Reproduce the lines below exactly. Skip images.

Data below Start Marker

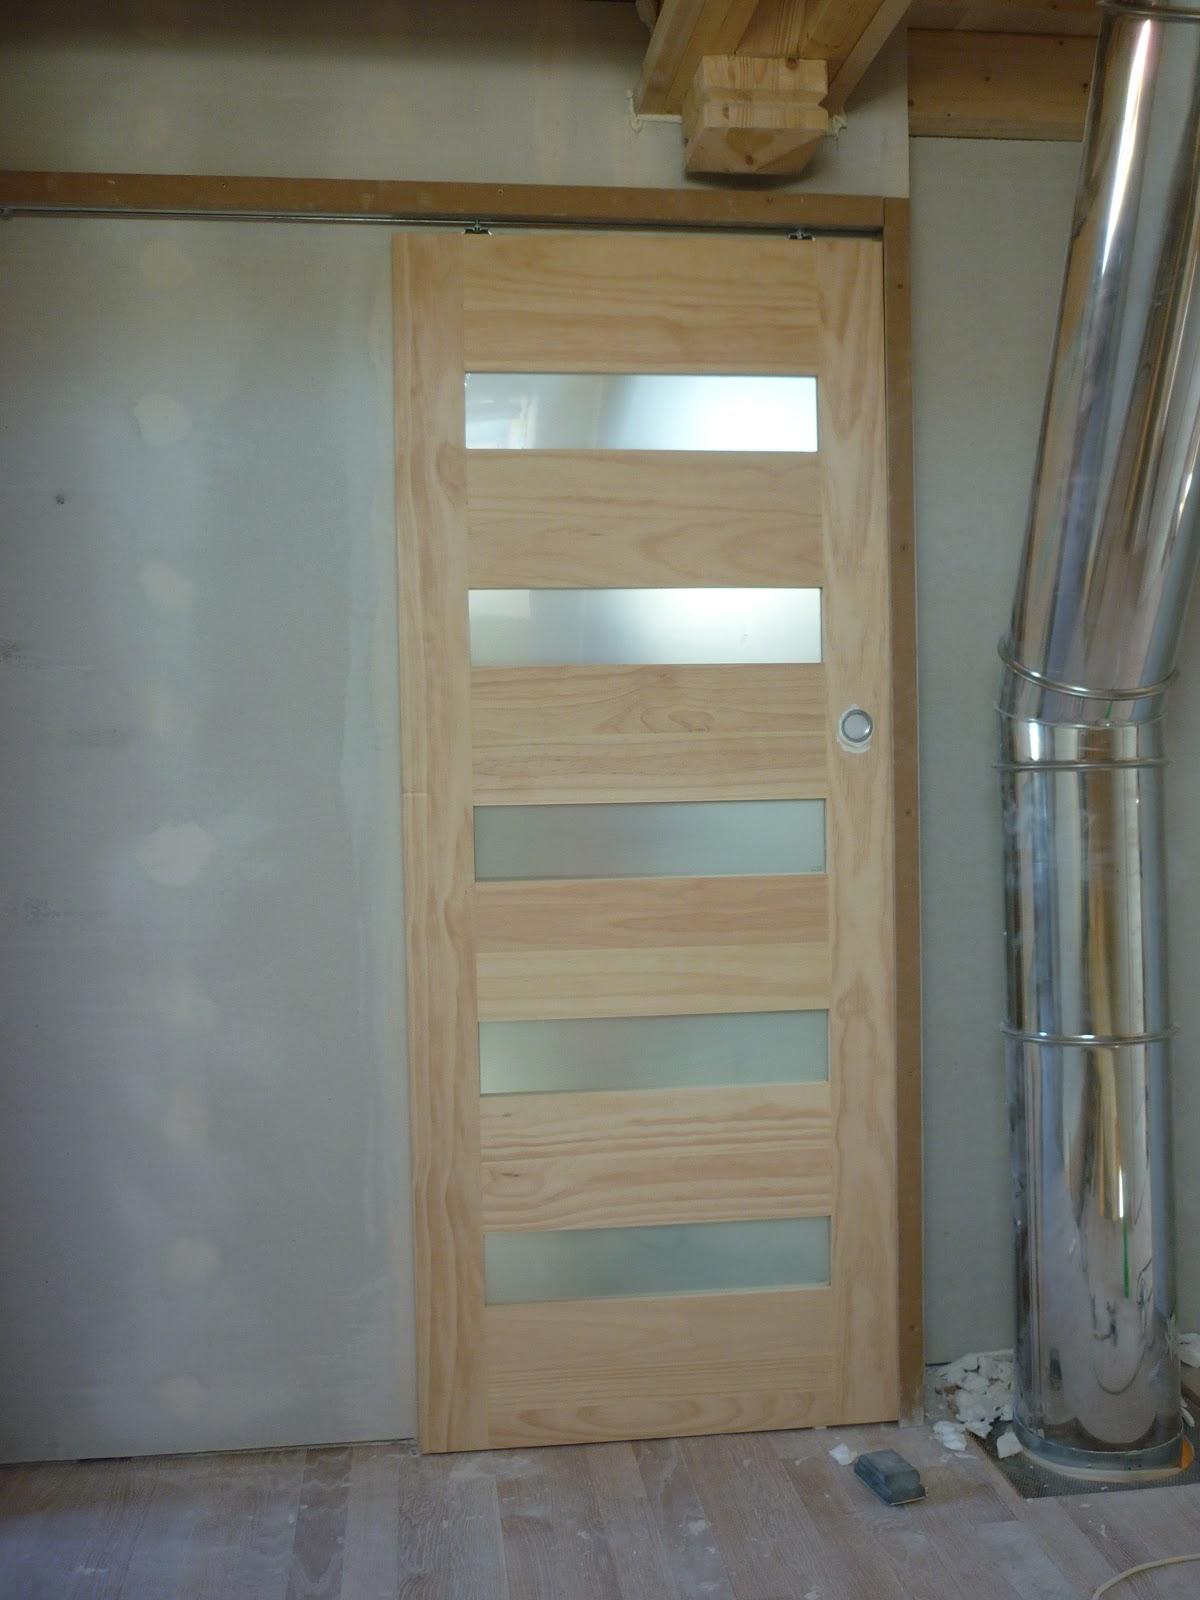 Construction de notre maison agnos salle de bain 1 for Portes salle de bain
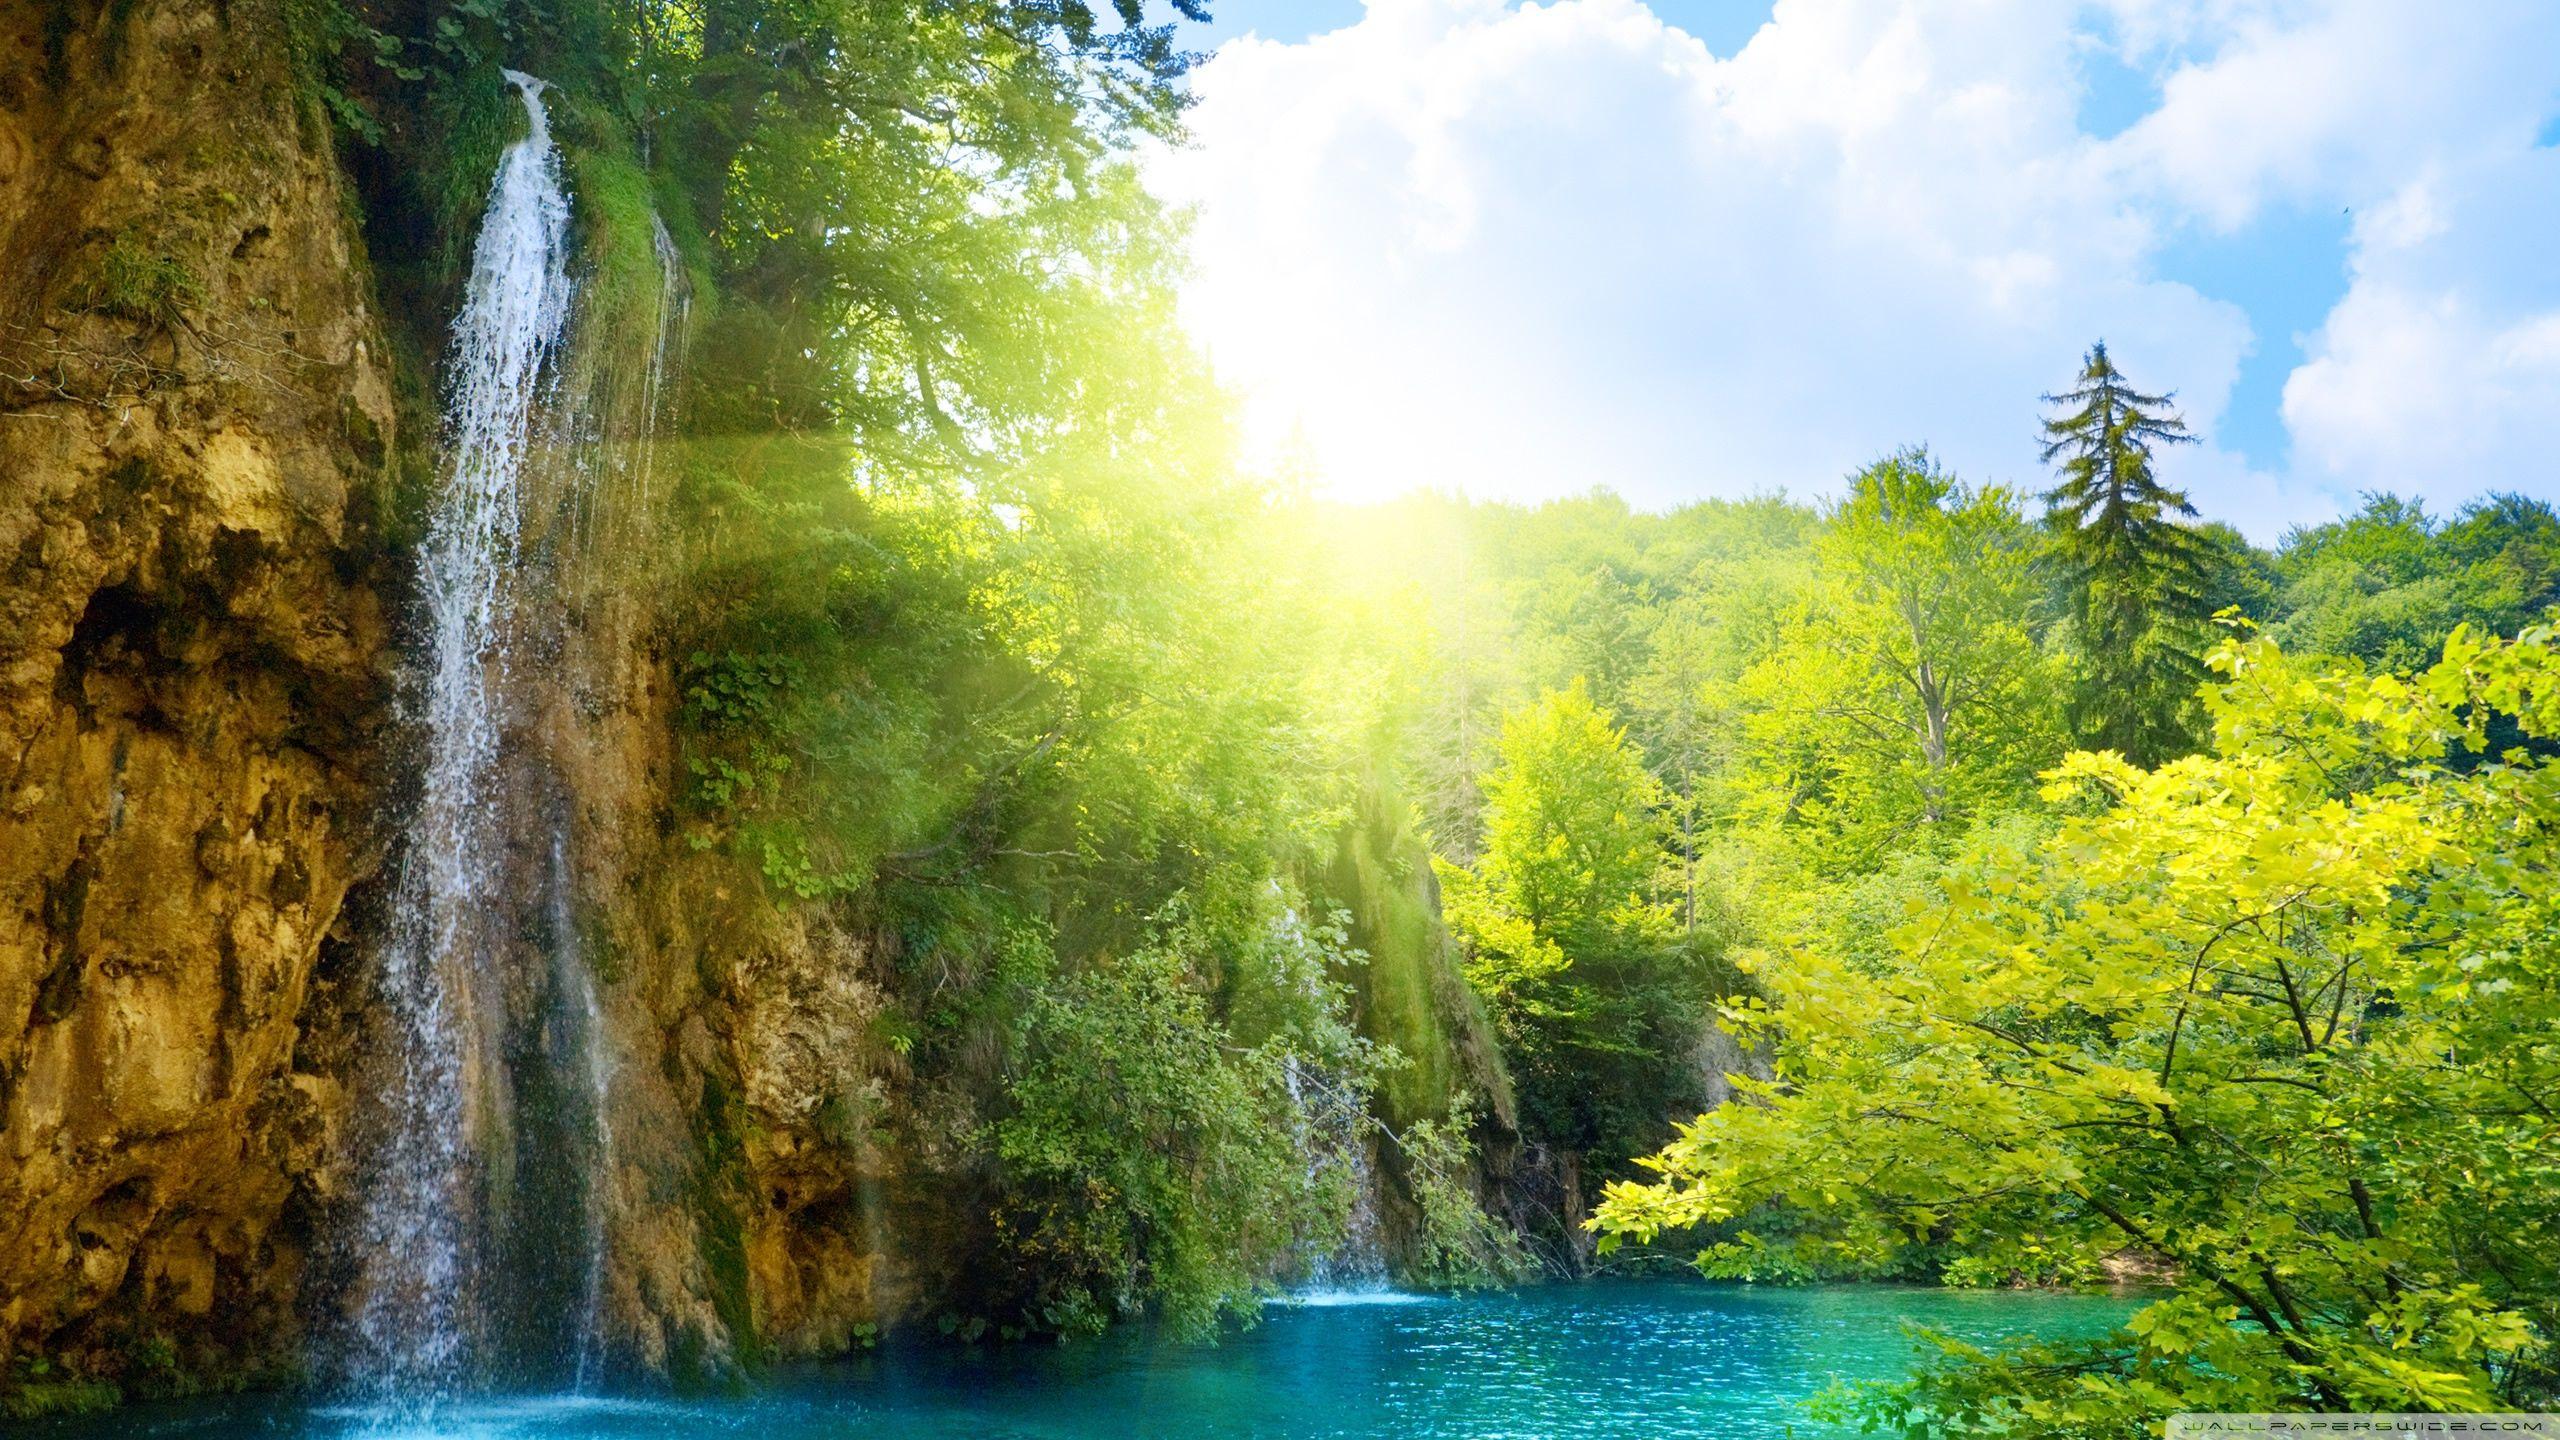 Forest Falls Wallpaper 2560x1440 Waterfall Wallpaper Waterfall Nature
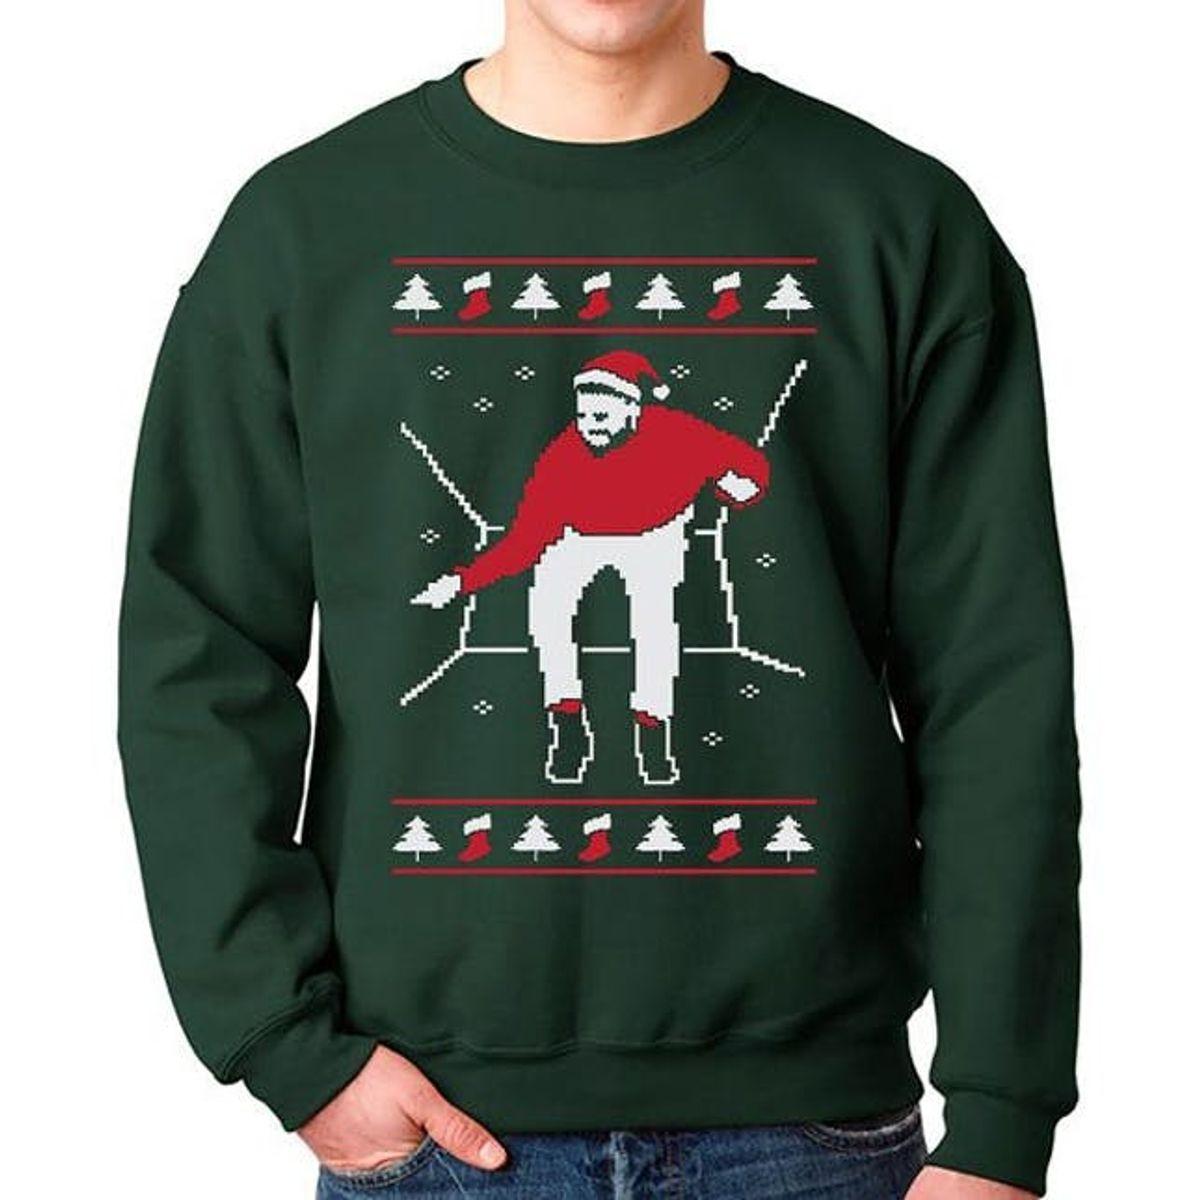 Happy Holla Days Funny Christmas Sweatshirt  Ugly Christmas Sweater Oversized 34 Sleeve Sweatshirt Holiday Sweatshirt Funny Christmas Shirt

Data below End Marker

Result below -
 Construction de notre maison agnos salle de bain 1 for Portes salle de bain
 Forest Falls Wallpaper 2560x1440 Waterfall Wallpaper Waterfall Nature
 Happy Holla Days Funny Christmas Sweatshirt  Ugly Christmas Sweater Oversized 34 Sleeve Sweatshirt Holiday Sweatshirt Funny Christmas Shirt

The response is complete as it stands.